O coração e a pele
A manhã fria de fevereiro leva-me até ao roupeiro grande, e quando dou conta, subo a Rua de Santo António, em Vila Viçosa, abrigado pelo sobretudo cinzento que herdei do meu pai.
As memórias criam a pele que melhor nos protege do inverno.
A Zinha e o Manel são do meu tempo, ou melhor, são dos meus tempos todos,
porque eu me recordo deles desde quando comecei a guardar lembranças de mim.

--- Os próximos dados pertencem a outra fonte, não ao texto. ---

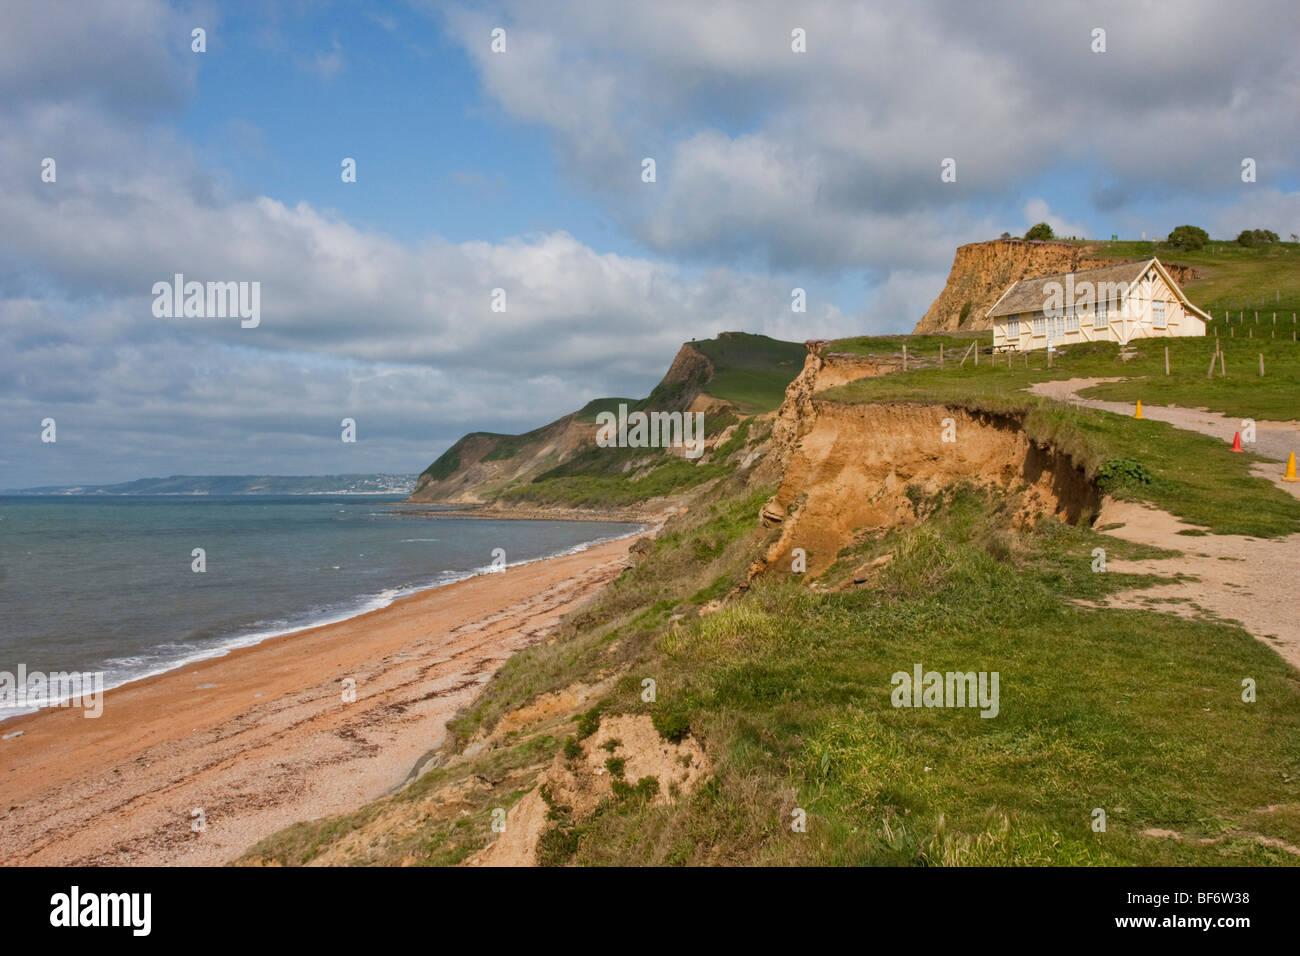 Cote Sud Angleterre chemin de la côte sud-ouest, près de l'eype dans le dorset, en

Os dias pareciam, então, muito maiores, porque nada ficava por fazer, ou
por dizer.
Às vezes a tropeçarmos nalguma dificuldade que traía a fonética, mas sem
deixar de exprimir a vontade dos sentidos, e a sede:
-Um copo de “aba”, por favor.
Escorregávamos pelas caixas de cartão vazias, guardadas no armazém, com a
mesma alegria com que, ao longo de outros tempos, soubemos sorrir sobre a
gravidade das deceções, que nos puxaram para o chão frio.
Palpámos juntos a nossa primeira neve, perfumámos as mãos nos troncos das
mesmas estevas, rezámos as nossas esperanças nos mesmos padre nossos, e algures
entre a “telepatia” e a “paixão”, aprendemos a dançar nas mesmíssimas canções.
Por maior que se fizesse a distância, jamais deixámos de nos ver, porque
todo o coração tem janelas, aeródromos e aviões, para que os amigos jamais
sejam gente longe.
Há uma semana tomámos posse para a mesa da Régia Confraria de Nossa Senhora
da Conceição, e por nos sentirmos tão bem, assim, juntos, sob a fé que mesma
alva guerreira capa exprime, resolvemos fazer uma foto.
A fé é irmã das memórias, unindo futuro e passado na doçura de um presente,
que até poderá ter tudo do inverno.
A fé, a memória, e os amigos, que unem pela coerência, o coração e a pele.